*TASK TO CARRY OUT*:
Lines to restate from the data below: from the one containing "Picked this up at the LA Collect-Con" to the one containing "#pokemoncommunity #pokemoncards #pokémon", both included. Give them again exactly, and only them.

*INFORMATION GIVEN*:
== == ==

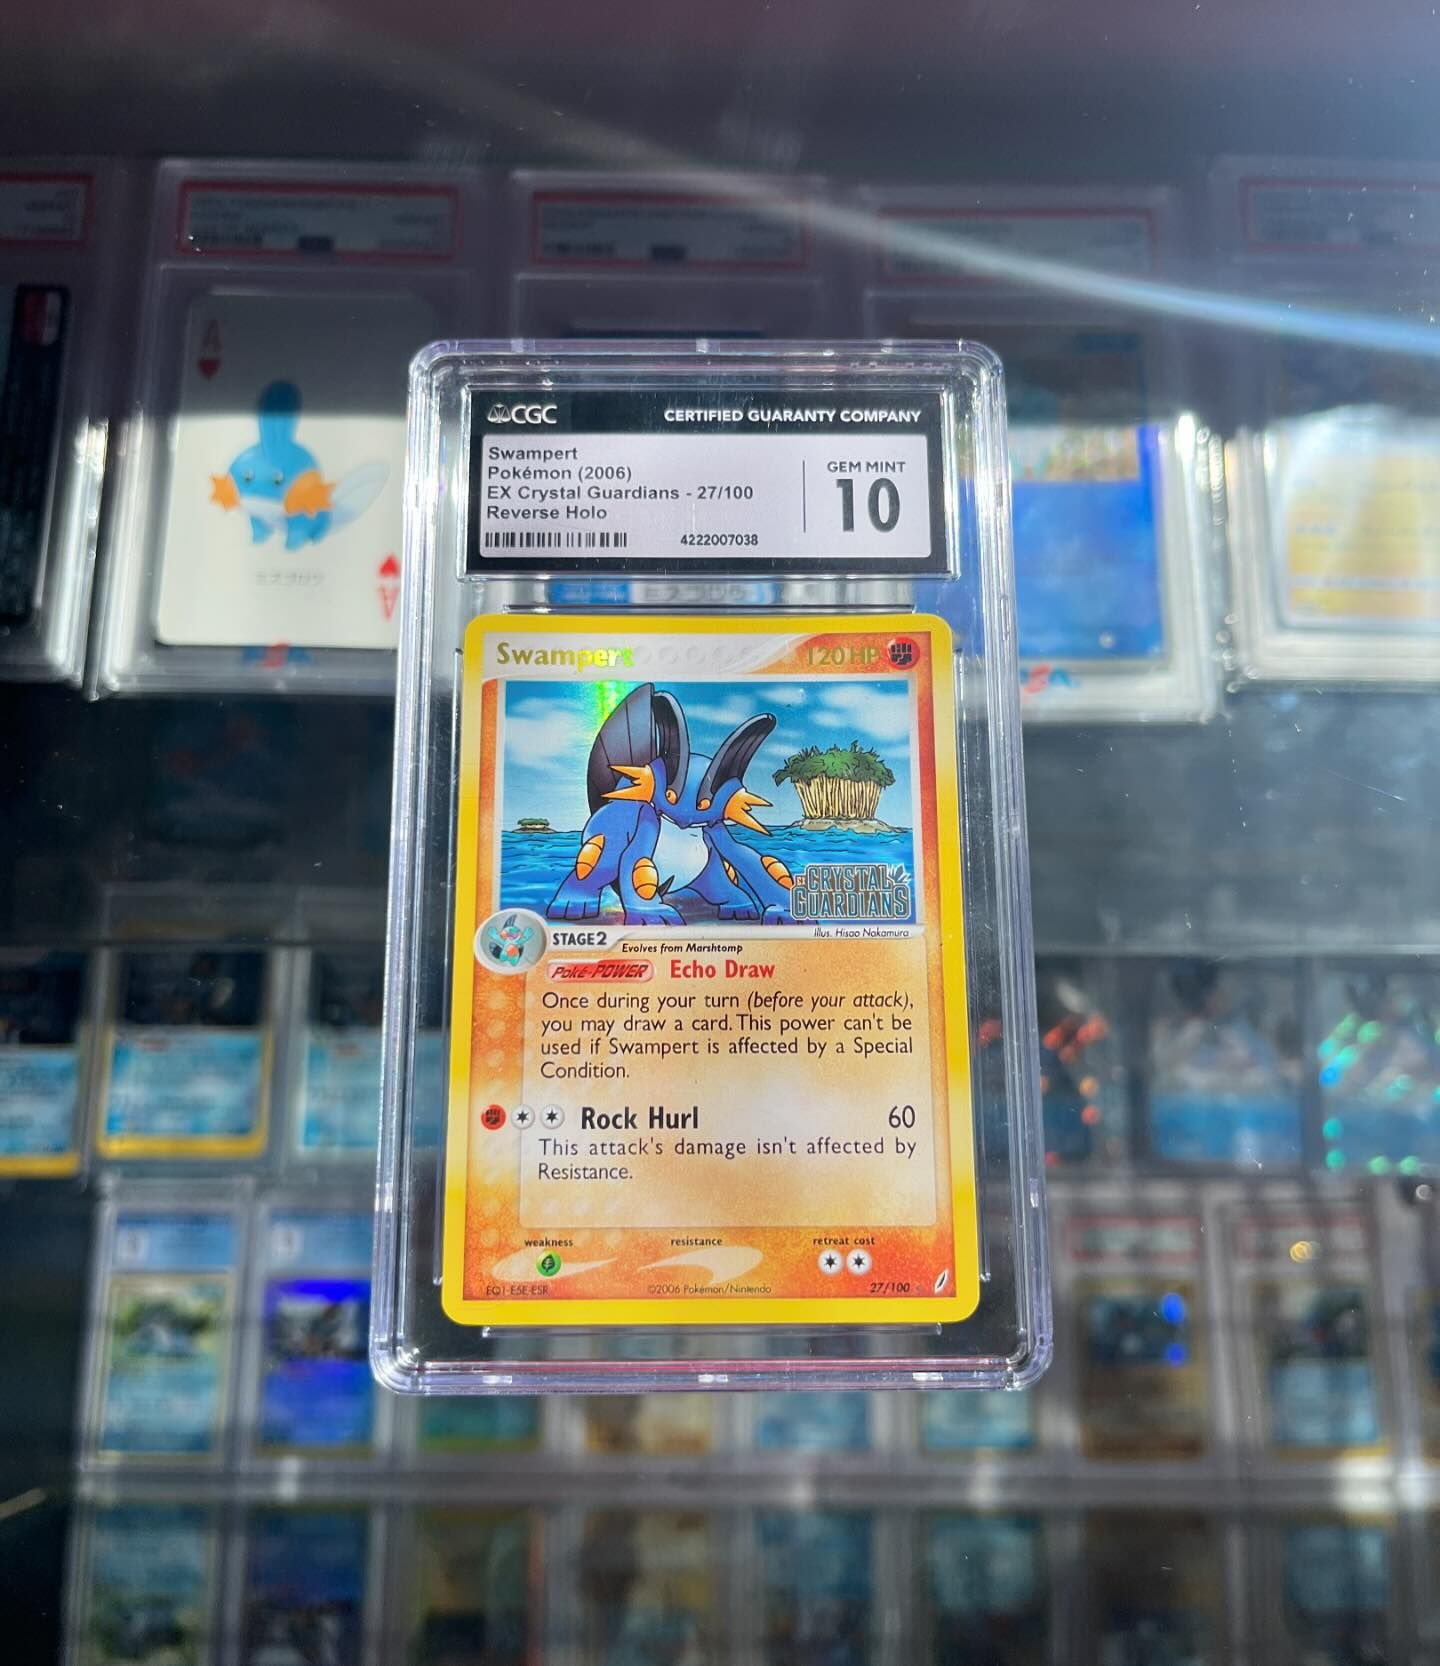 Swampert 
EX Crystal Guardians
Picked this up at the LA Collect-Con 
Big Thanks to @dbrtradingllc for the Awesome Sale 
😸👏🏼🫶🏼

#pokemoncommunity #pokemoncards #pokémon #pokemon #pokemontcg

== == ==

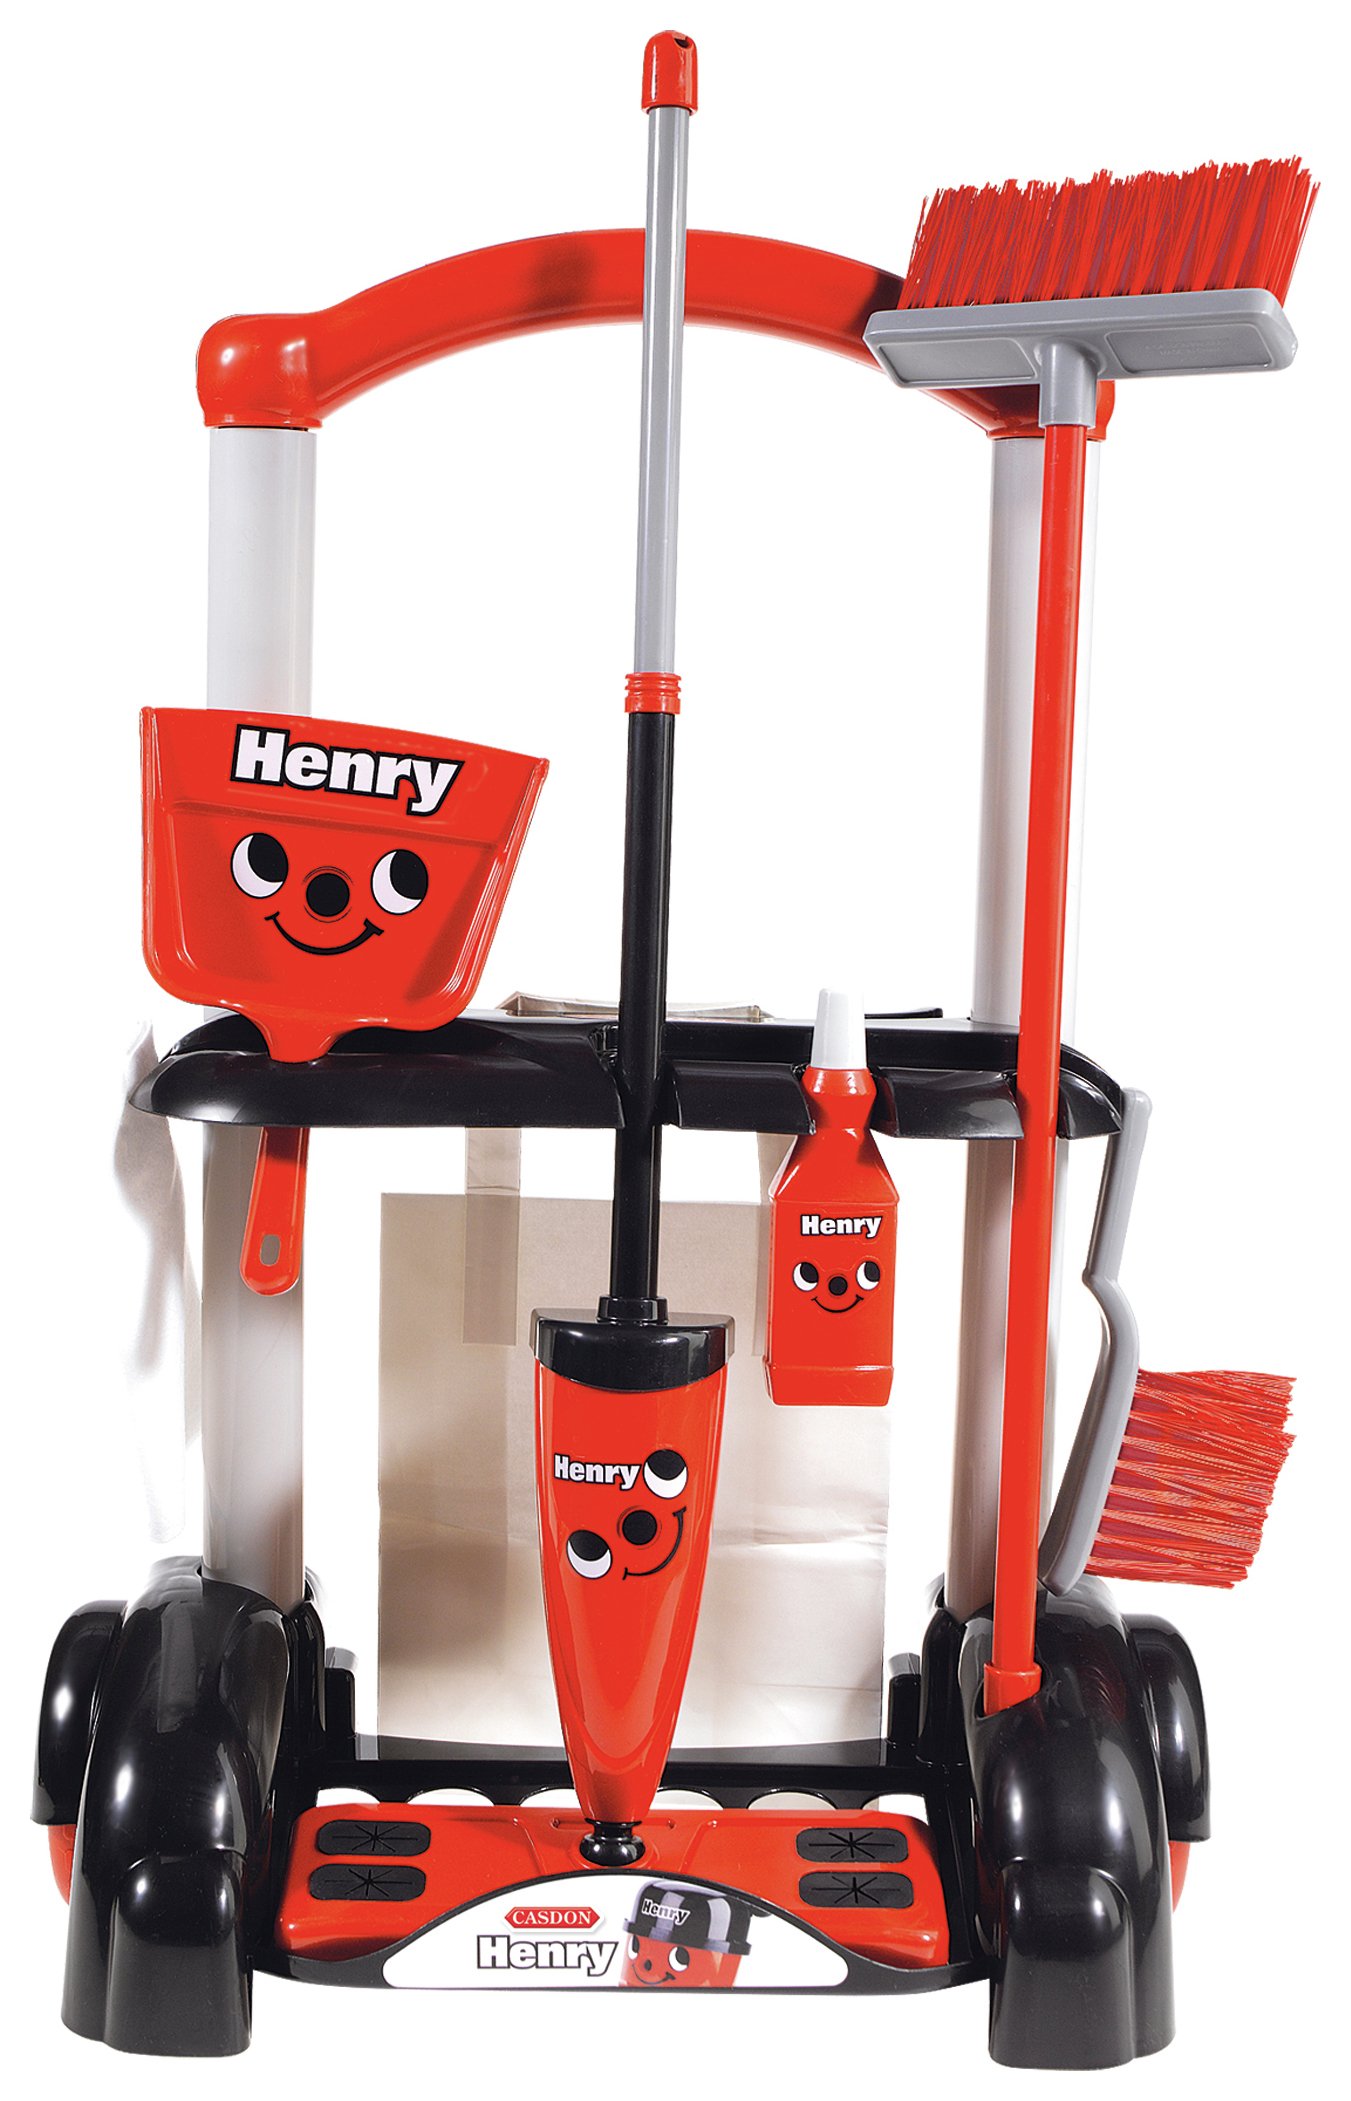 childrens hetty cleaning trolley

== == ==

*EXPECTED OUTPUT*:
Picked this up at the LA Collect-Con 
Big Thanks to @dbrtradingllc for the Awesome Sale 
😸👏🏼🫶🏼

#pokemoncommunity #pokemoncards #pokémon #pokemon #pokemontcg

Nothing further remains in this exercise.